[Start of section]

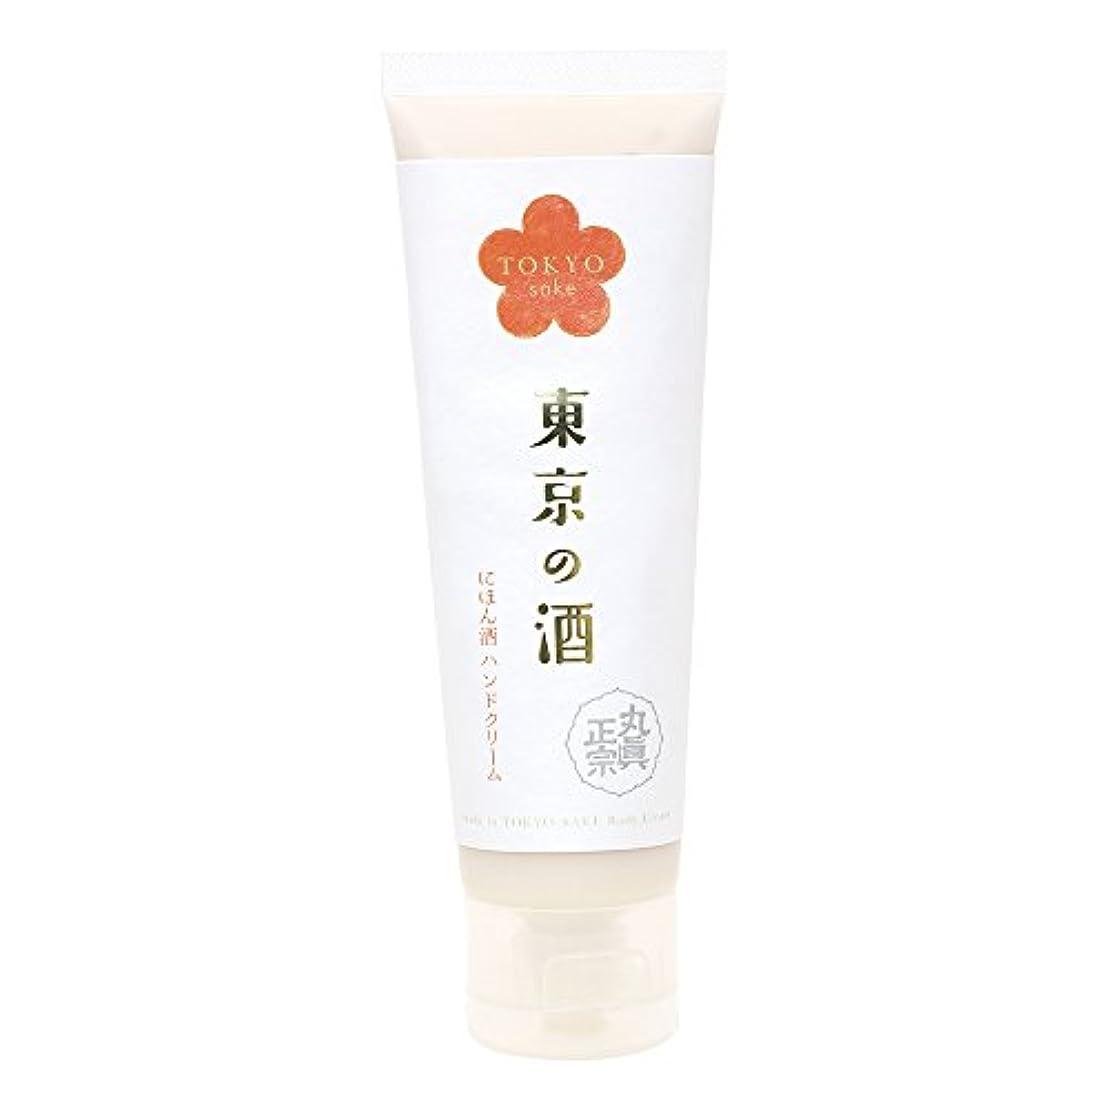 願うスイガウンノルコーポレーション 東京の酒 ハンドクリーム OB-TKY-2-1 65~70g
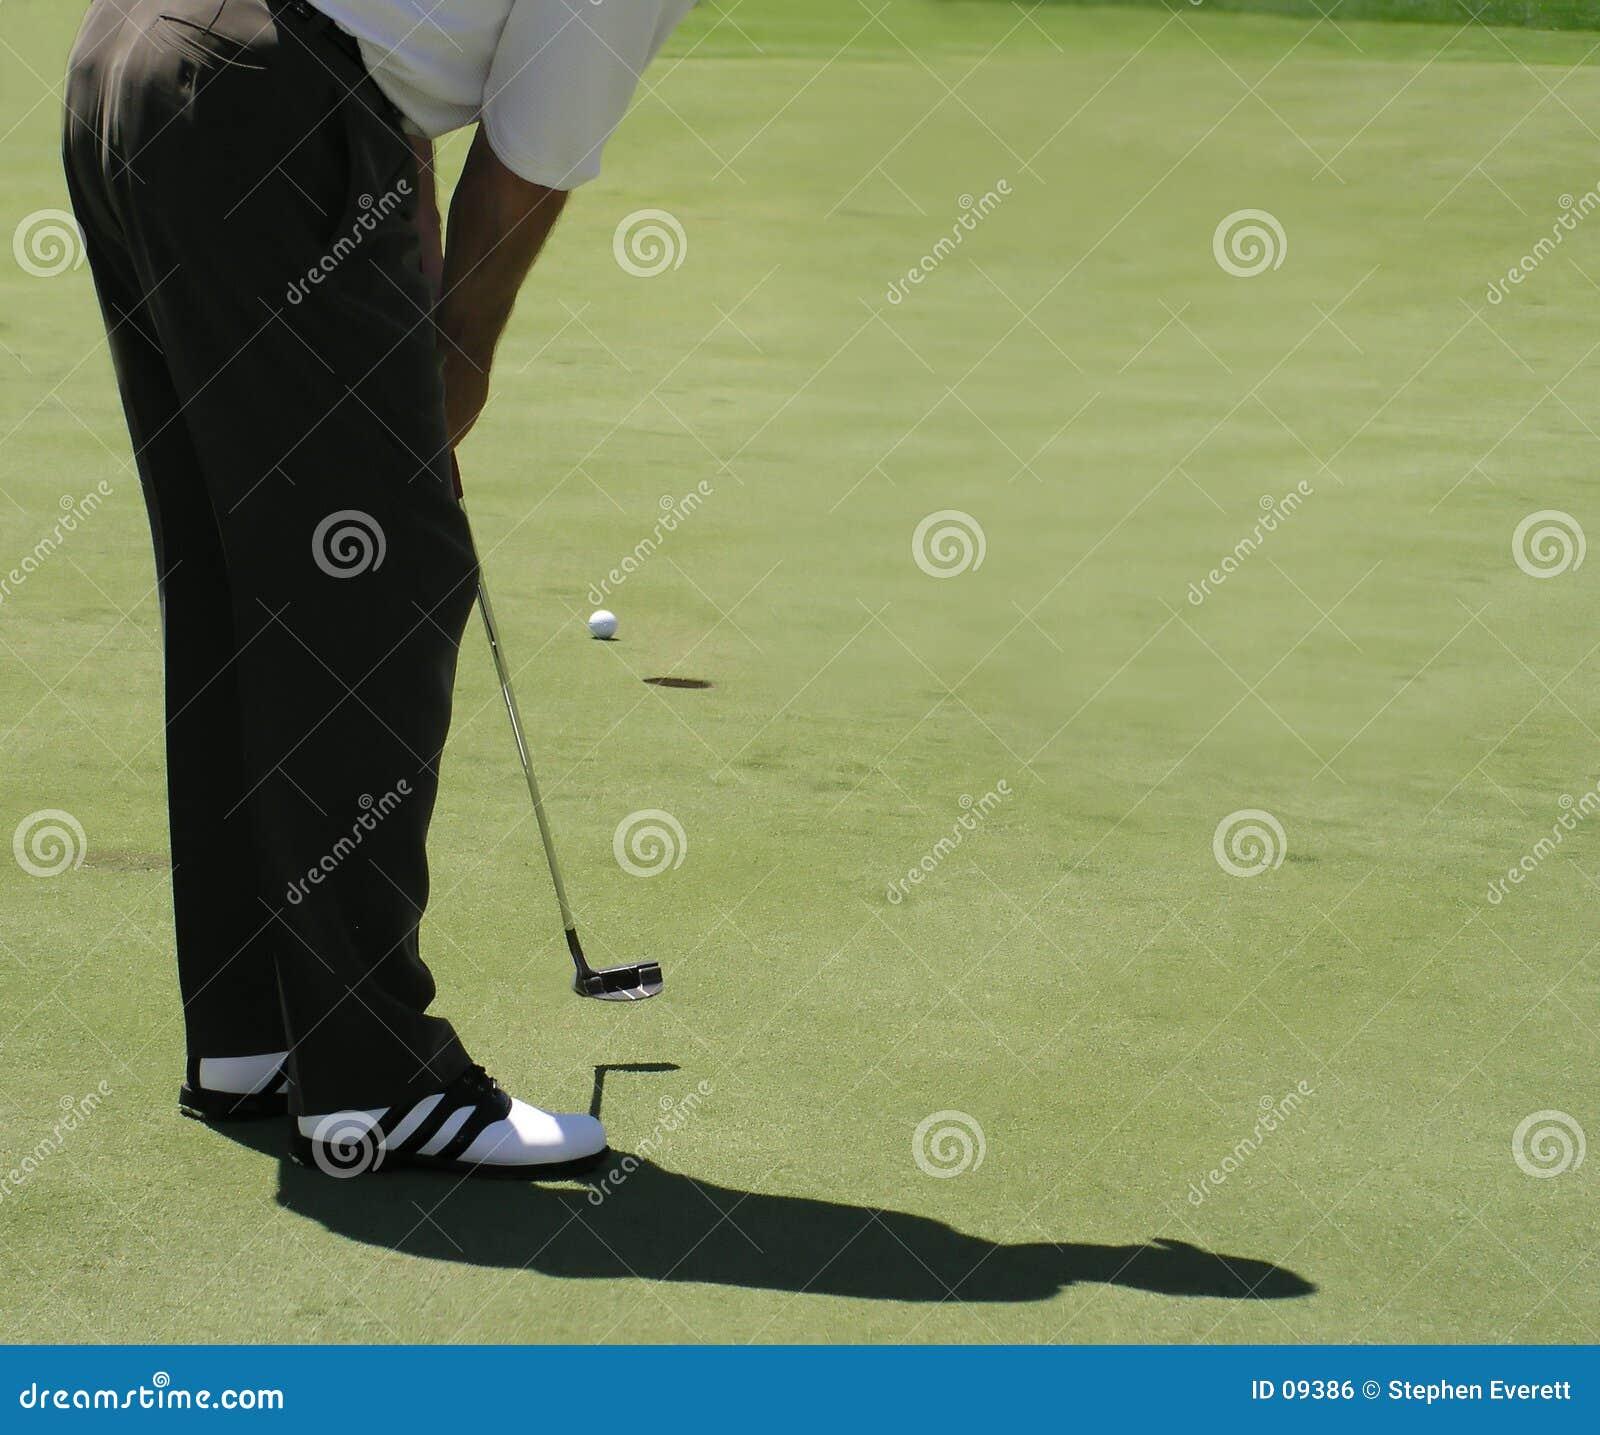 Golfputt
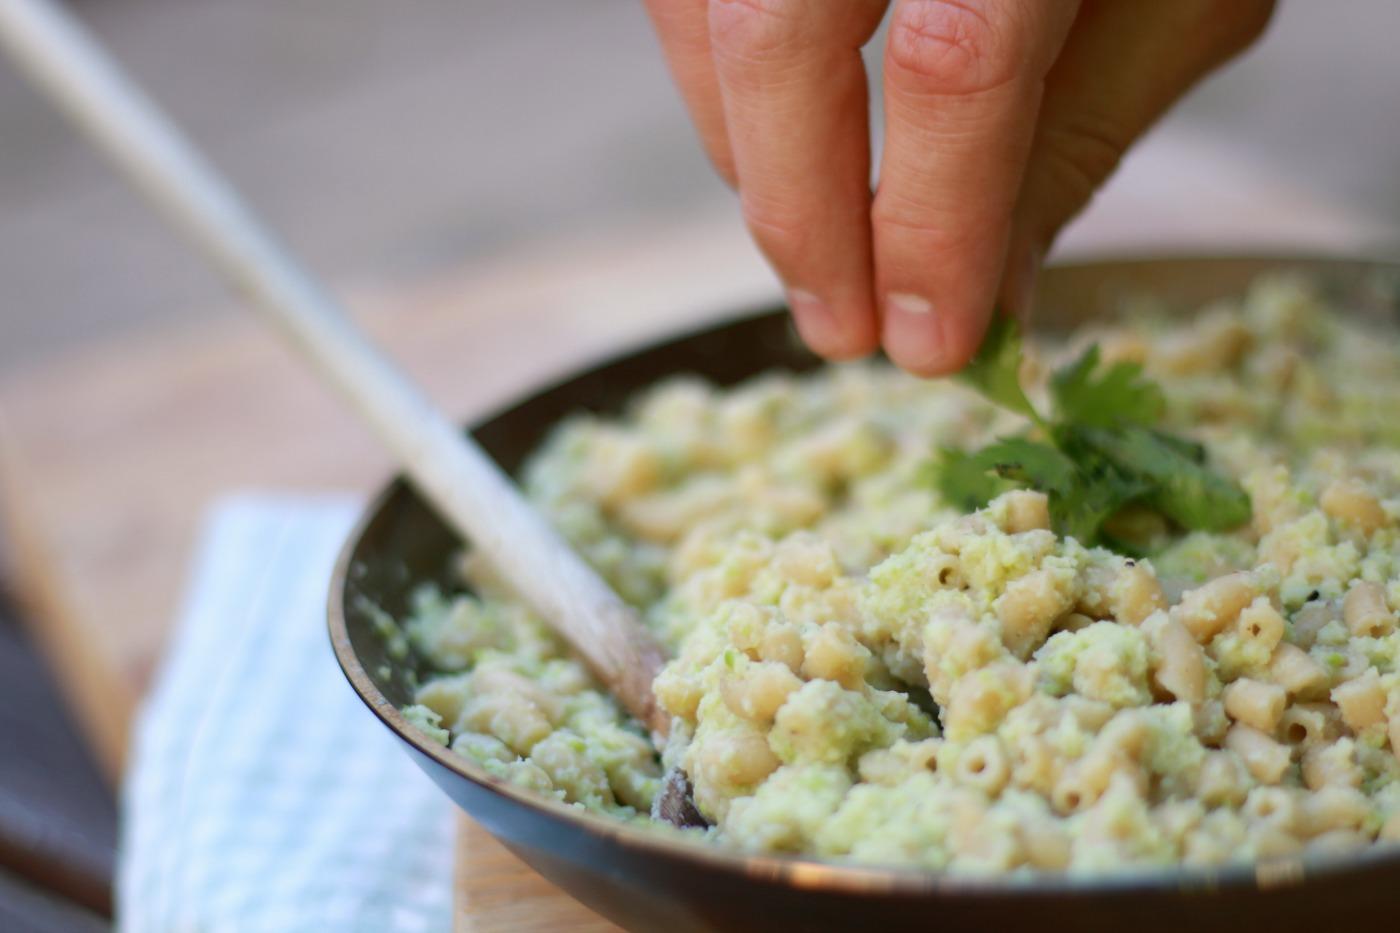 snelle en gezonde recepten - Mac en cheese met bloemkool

[End of section]

• TASK INSTRUCTIONS:
Everything above should be given again exactly, apart from the pictures.

• ANSWER AREA:
 願うスイガウンノルコーポレーション 東京の酒 ハンドクリーム OB-TKY-2-1 65~70g
 Golfputt
 snelle en gezonde recepten - Mac en cheese met bloemkool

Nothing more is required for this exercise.